A second strategy to alleviate constraints and cut curtailments is the installation of energy storage. Storage facilities can “time shift” or store low-cost, off-peak energy, and discharge it during periods of high demand. Battery energy storage can provide additional support to electricity grids to manage demand through ancillary services, managing load, congestion, and resiliency services. At the 2022 RE+ conference in San Antonio, solar and storage developer 8minute Energy shared that 95% of revenues in a two-hour duration battery occur in the first hour of discharge in Texas.

A third method that is discussed less often in the booming utility-scale state of Texas is a more conscious choice of where to site projects and how to right-size them for the most benefit. Rather than building massive low-cost solar facilities that deliver lowered value and require billions in transmission upgrades, solar projects can be installed in a distributed fashion, bringing them closer to where the energy is in demand.
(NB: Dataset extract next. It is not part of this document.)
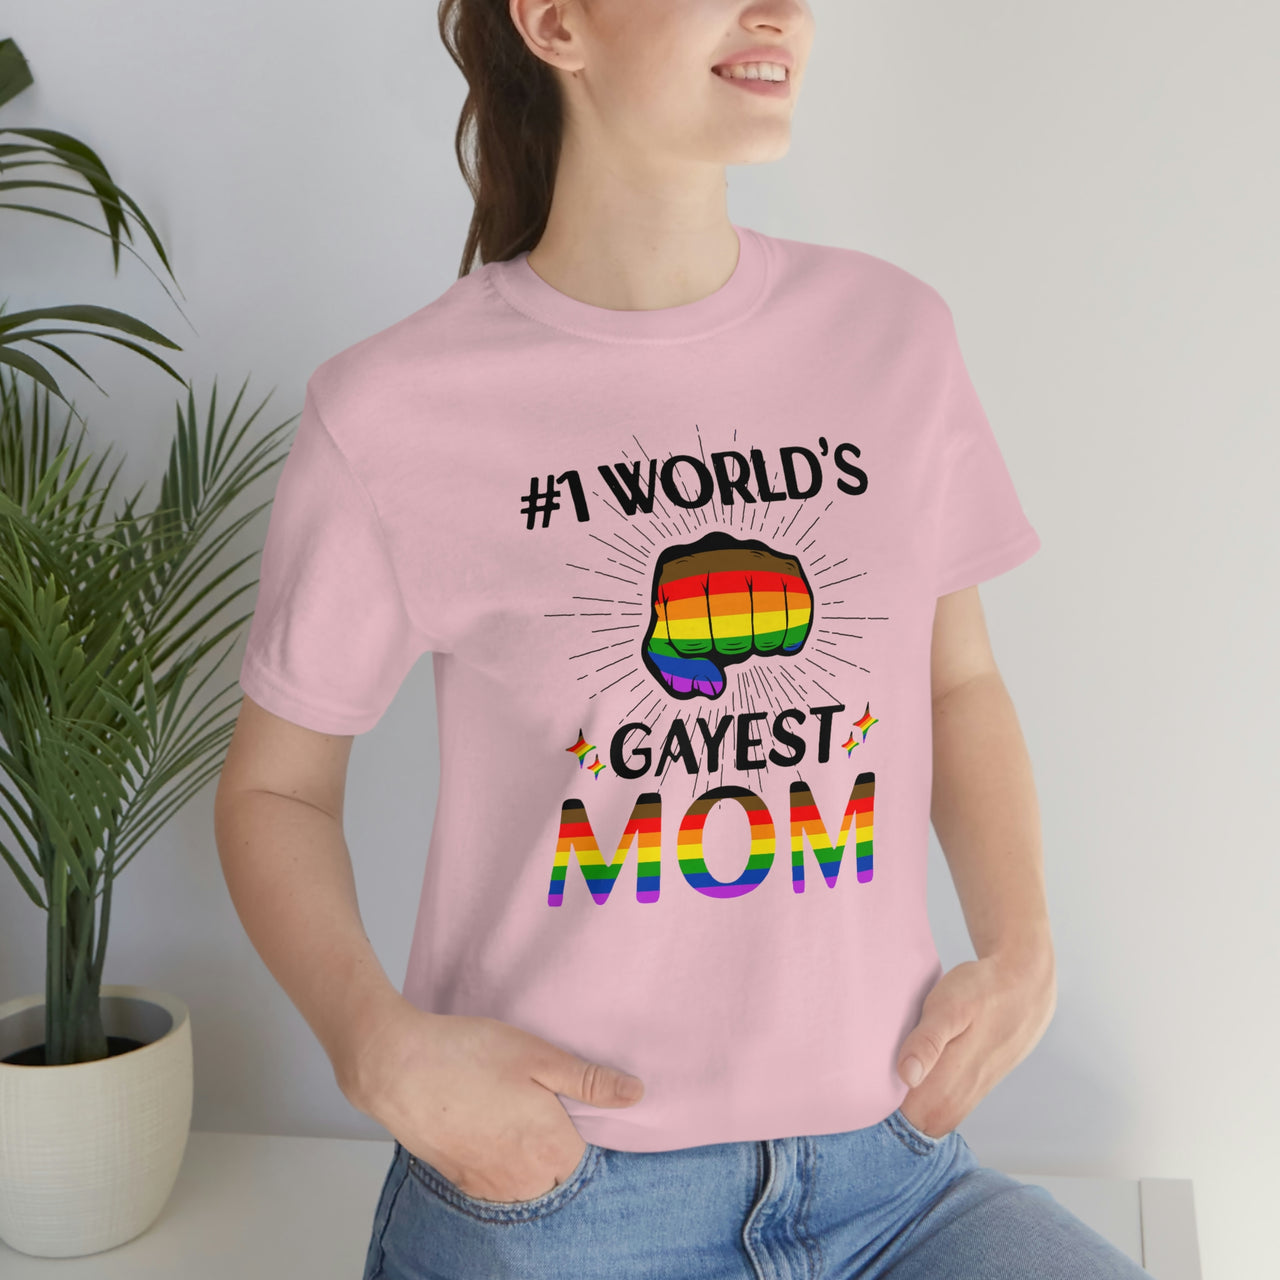 Philadelphia Pride Flag Mother's Day Unisex Short Sleeve Tee - #1 World's Gayest Mom SHAVA CO

This allows generation to be installed at the distribution level, sending electricity over shorter distances and lowering line losses. It also alleviates the congested transmission superhighway, creating a more dynamic grid. This is especially true when distributed solar is installed with co-located energy storage, which enables revenue-creating demand response services and virtual power plants.

As a fourth strategy, at times of “surplus” renewable generation, customers with flexible demand for electricity can use more electricity that would otherwise be curtailed.

In a grid the size of Texas, at 15% renewable generation flexible demand could yield $3.3 billion in annual net savings for all consumers, including those with non-flexible demand, says the ESIG report by Michael Hogan, citing a Pacific Northwest National Laboratory study.

About 80% of cost reductions yielding those annual savings would result from avoided costs of investing in infrastructure—generation capacity, transmission and distribution hardware.

With increasing adoption of “inherently flexible loads” such as EVs and heat pumps, there is a growing potential for price-responsive demand, according to the report. To avoid unnecessary infrastructure investments and capture the cost savings, the ESIG calls for progressively assessing and incorporating expected demand elasticity into long-term capacity planning and procurement, at both the bulk system and distribution levels, among other measures.

The constraint problem in Texas will likely need to be solved in a combination of all three strategies. EIA projects that if no improvements are made to the ERCOT grid, curtailments of wind could reach 15% and solar as high as 19%.

About 64% of the wind and solar curtailments in EIA analysis occurred when the energy supply from high wind and solar resources outpaced low system electricity demand. An increase in demand, such as through battery charging, could potentially reduce these types of curtailments, said EIA.